Exercise brief: Since the copy must hold text only, transcribe the data below exactly and omit the images.

** Collected material follows **

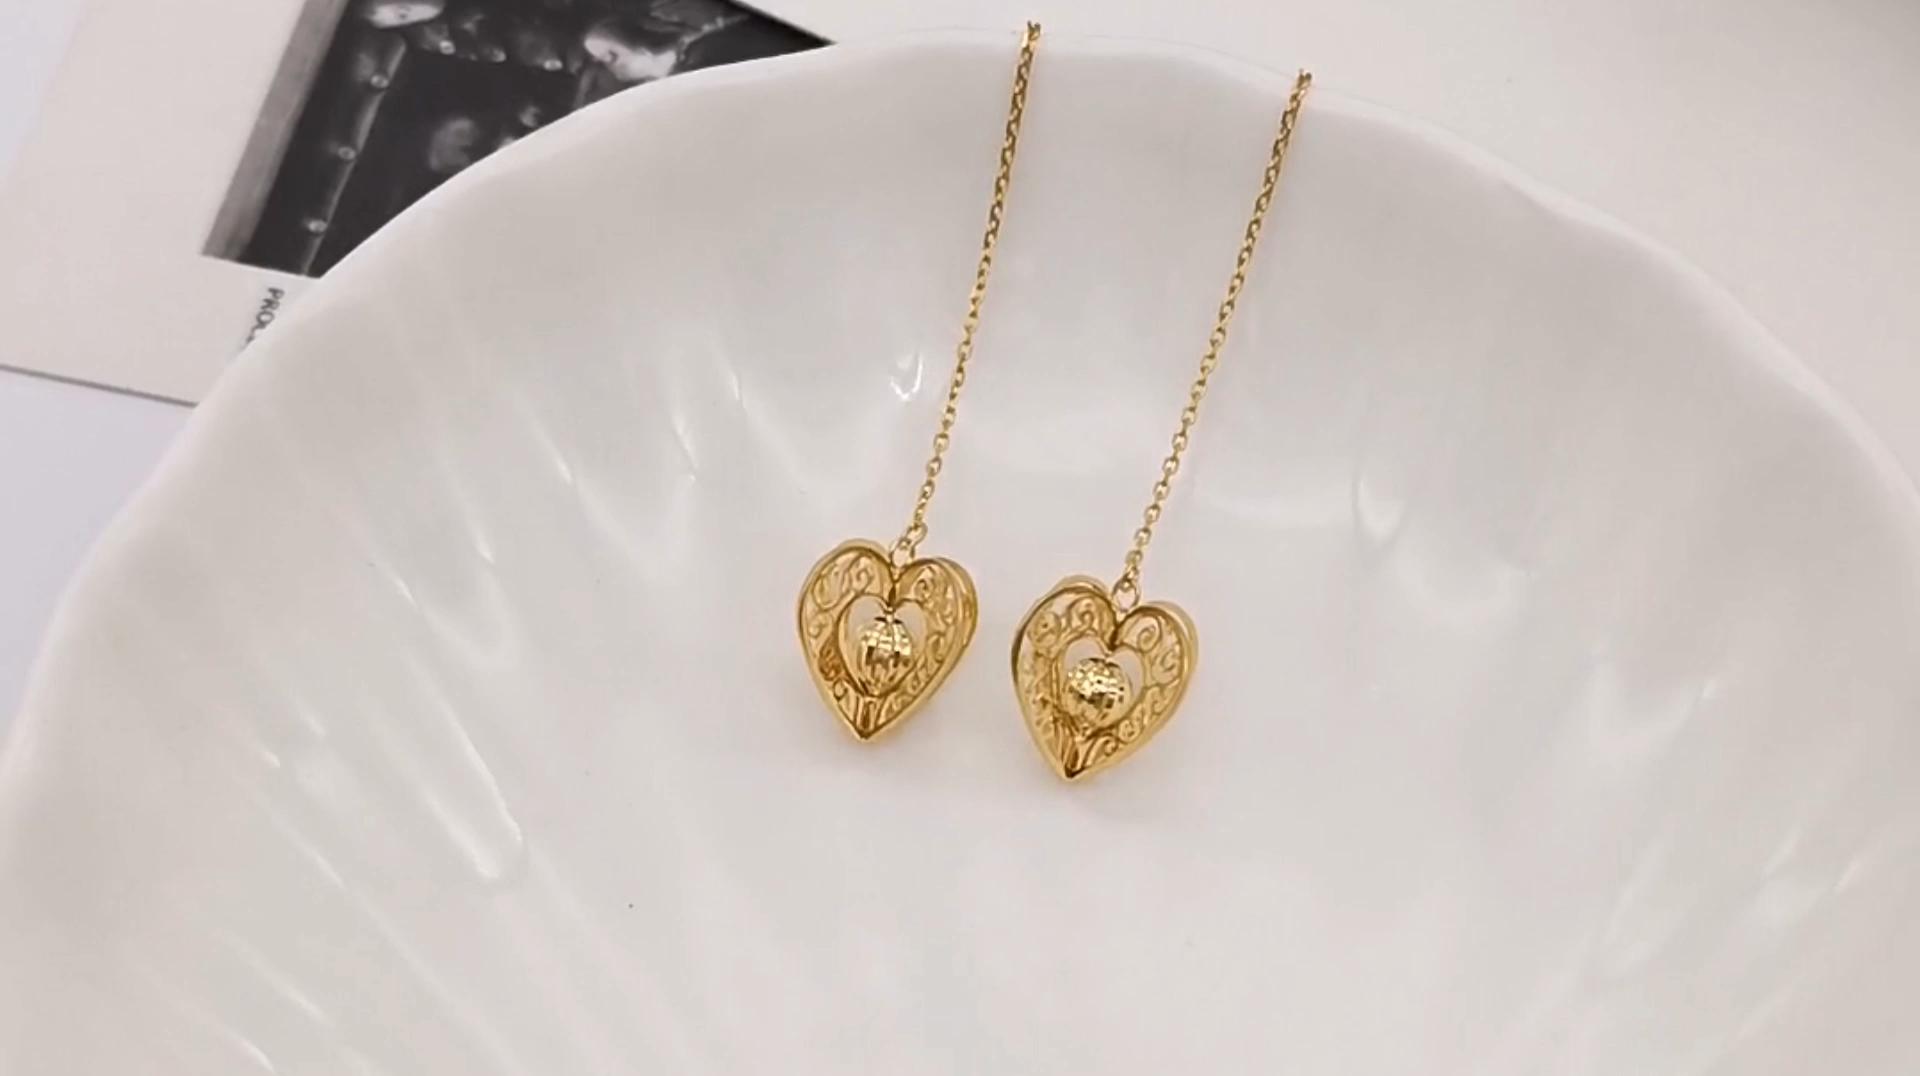 1000S Schmuck 18 Karat Echt gold Draht Ohrringe Mode Ohrringe Trendy Style Für Geschenke Verstellbare Klassische Herz Ohrringe
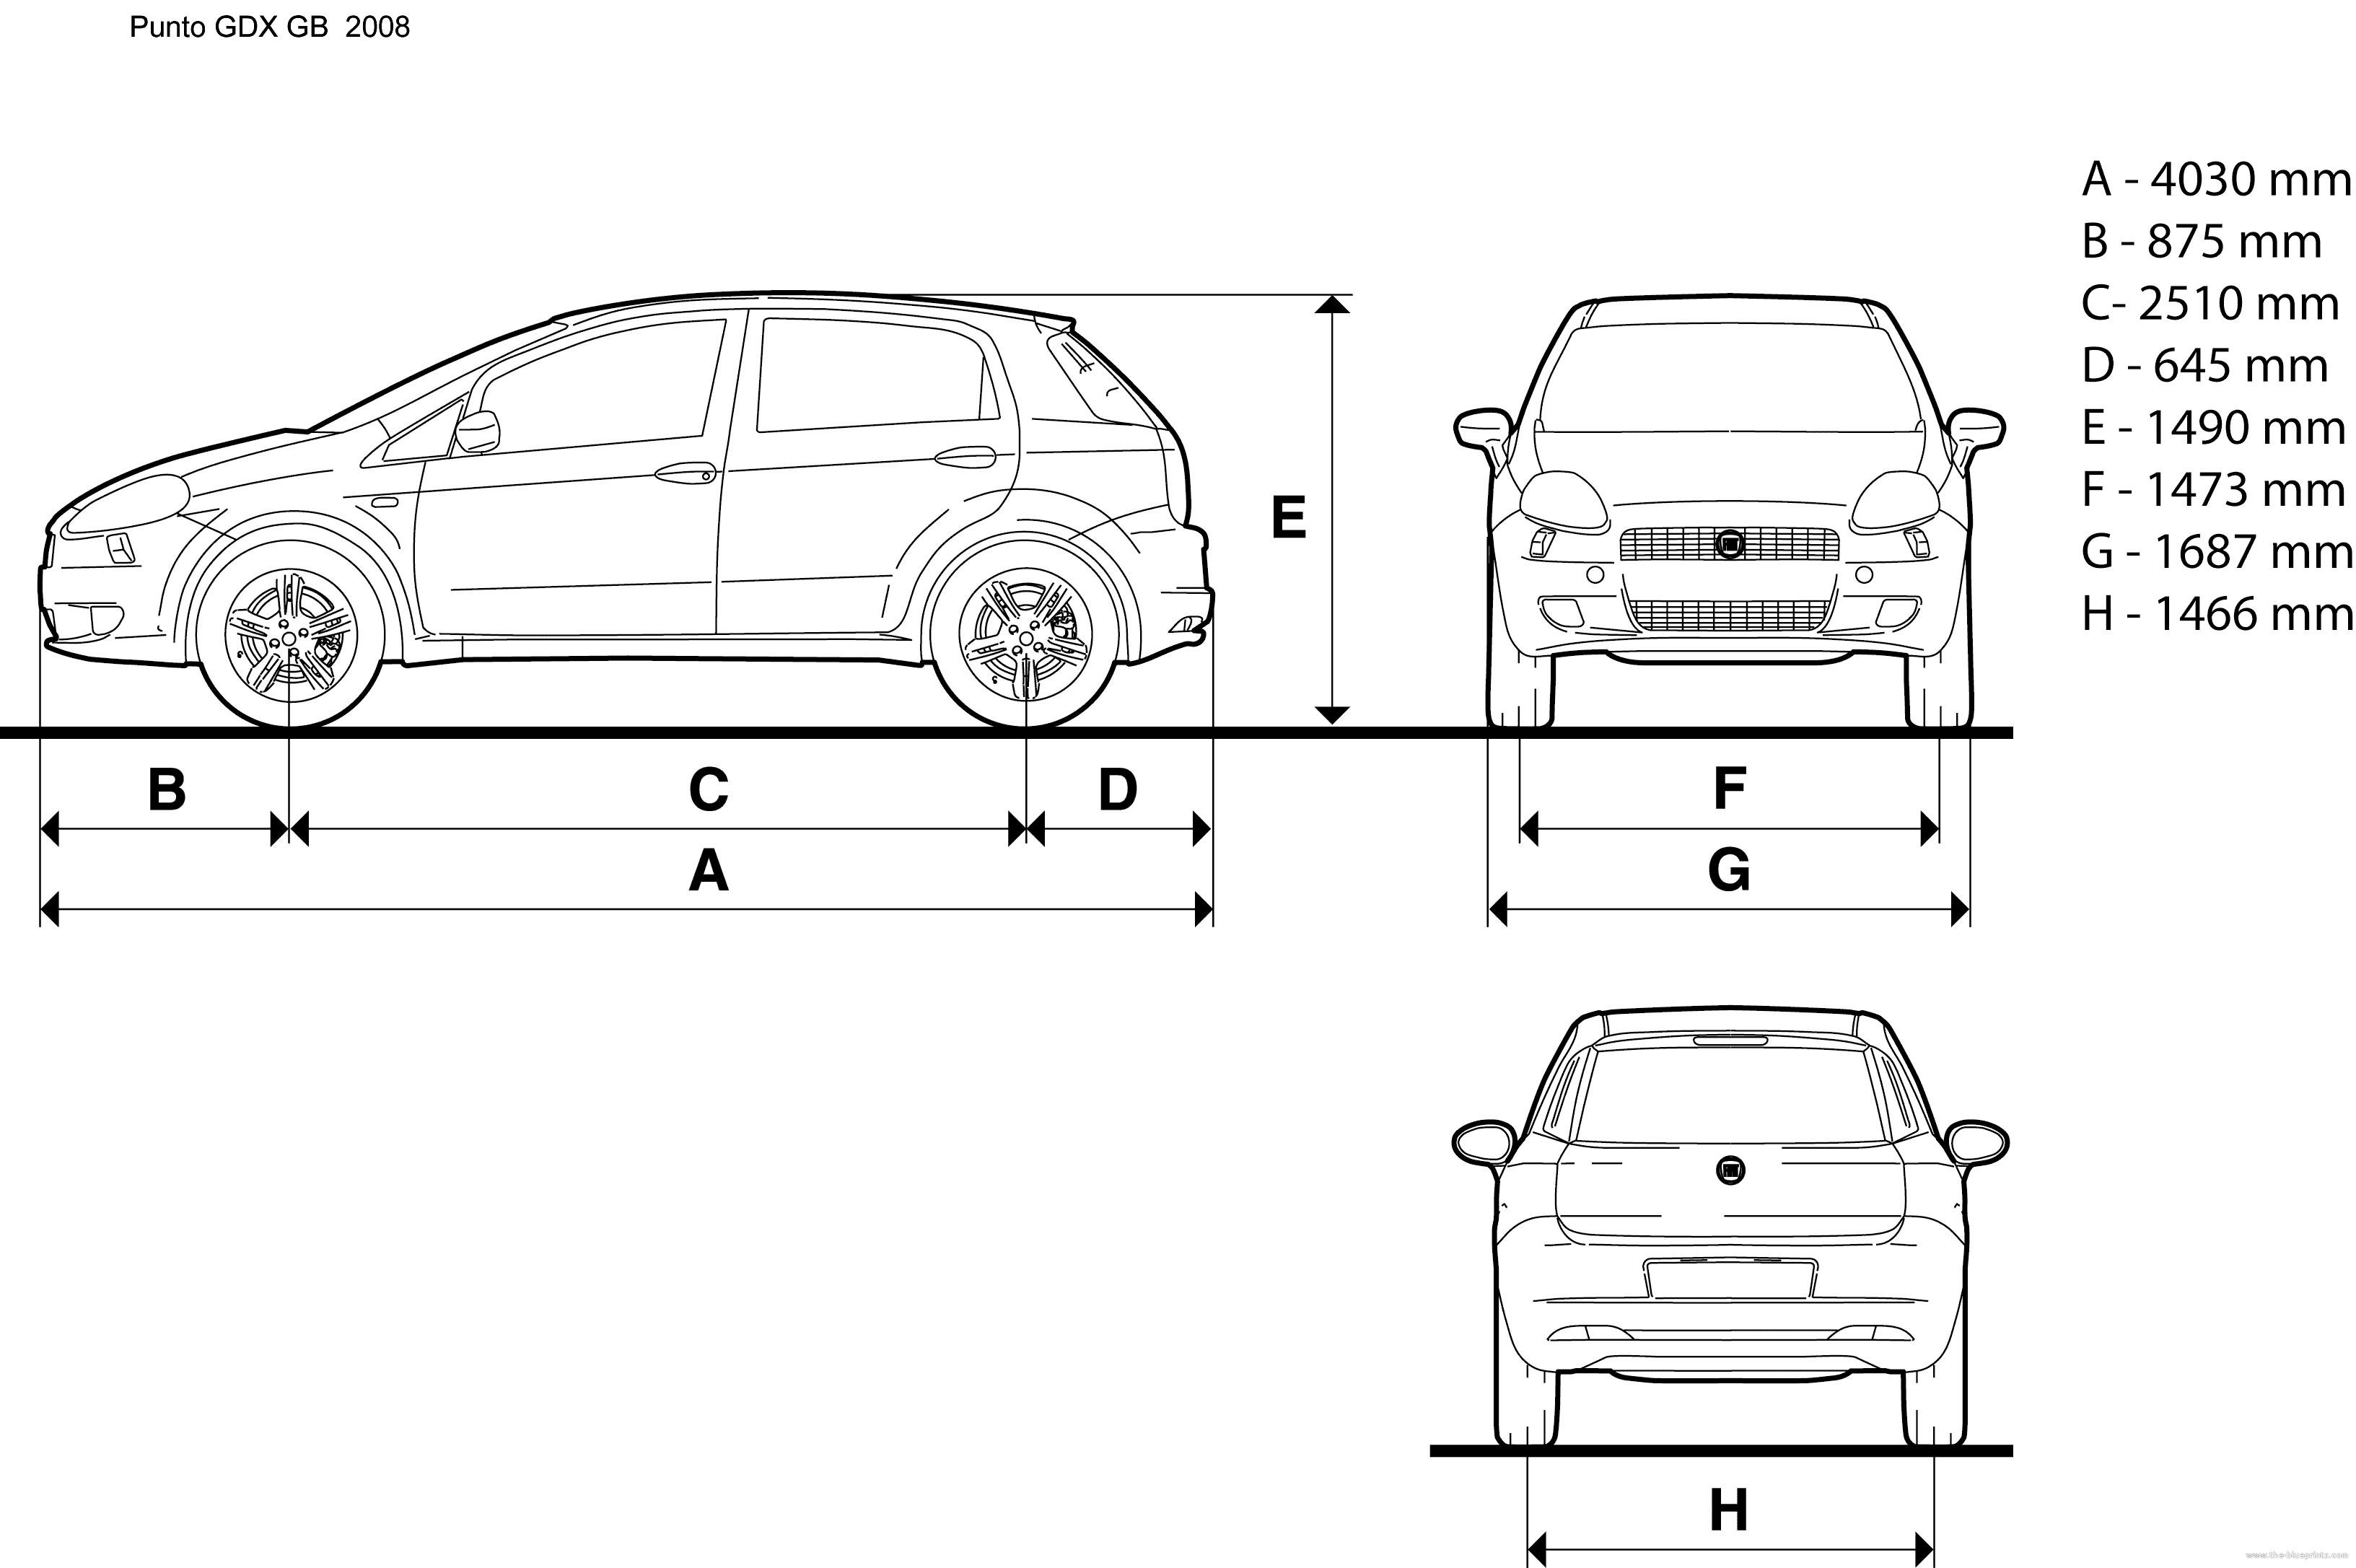 Body Dimensions Of Fiat Grande Punto Dimension Tables
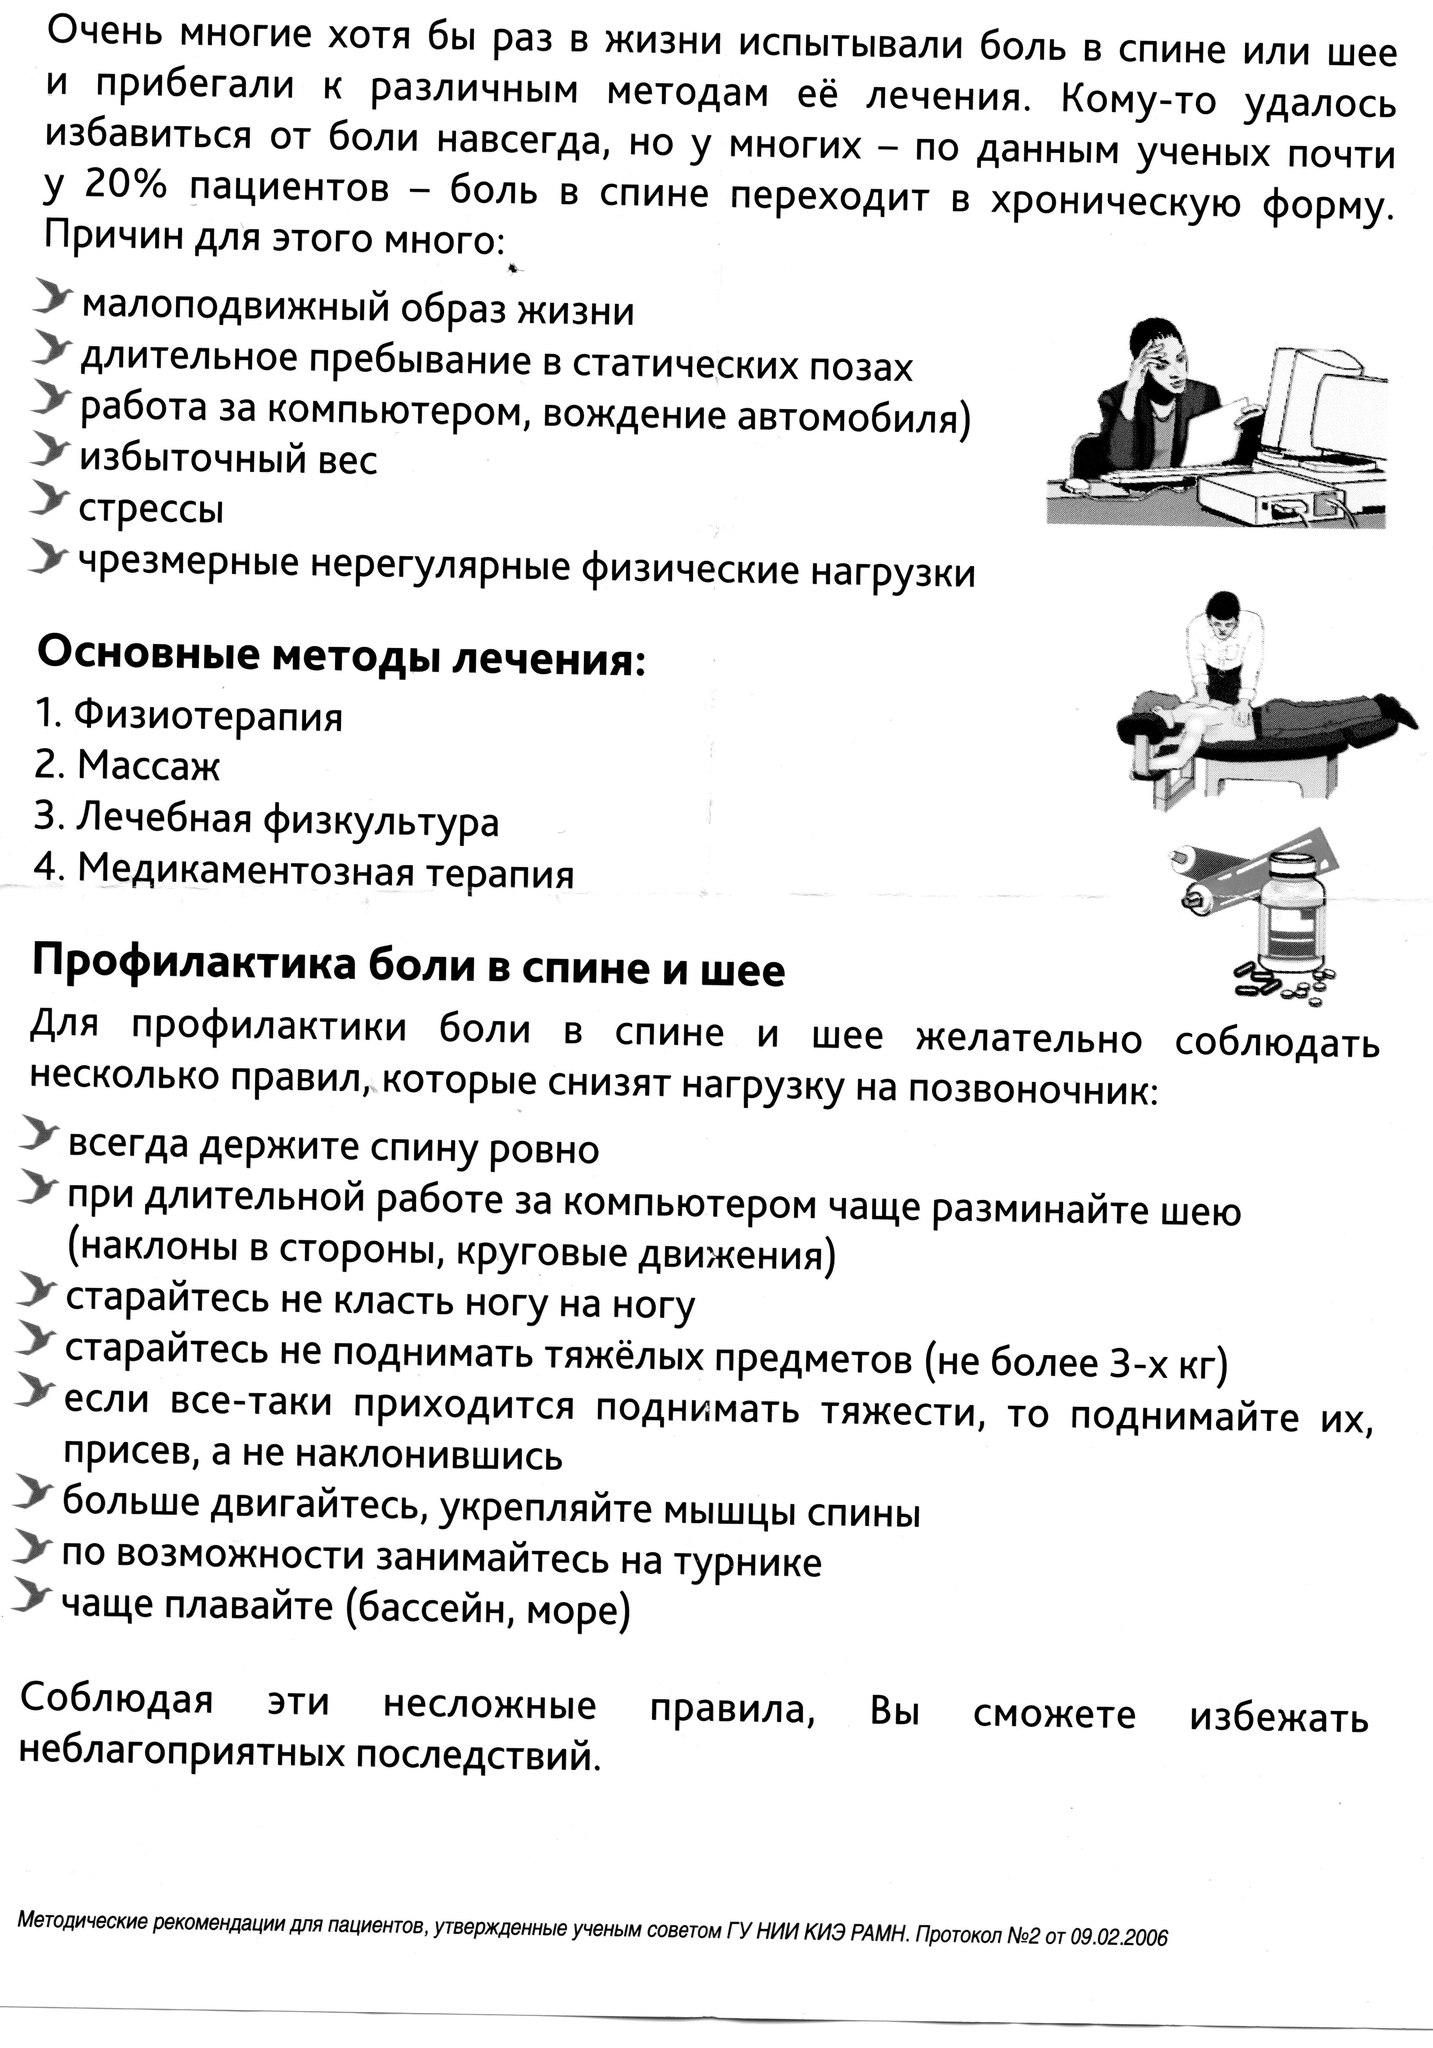 Упражнения для укрепления позвоночника 7 фотография

** End of Collected material **

Written solution:
 1000S Schmuck 18 Karat Echt gold Draht Ohrringe Mode Ohrringe Trendy Style Für Geschenke Verstellbare Klassische Herz Ohrringe
 Body Dimensions Of Fiat Grande Punto Dimension Tables
 Упражнения для укрепления позвоночника 7 фотография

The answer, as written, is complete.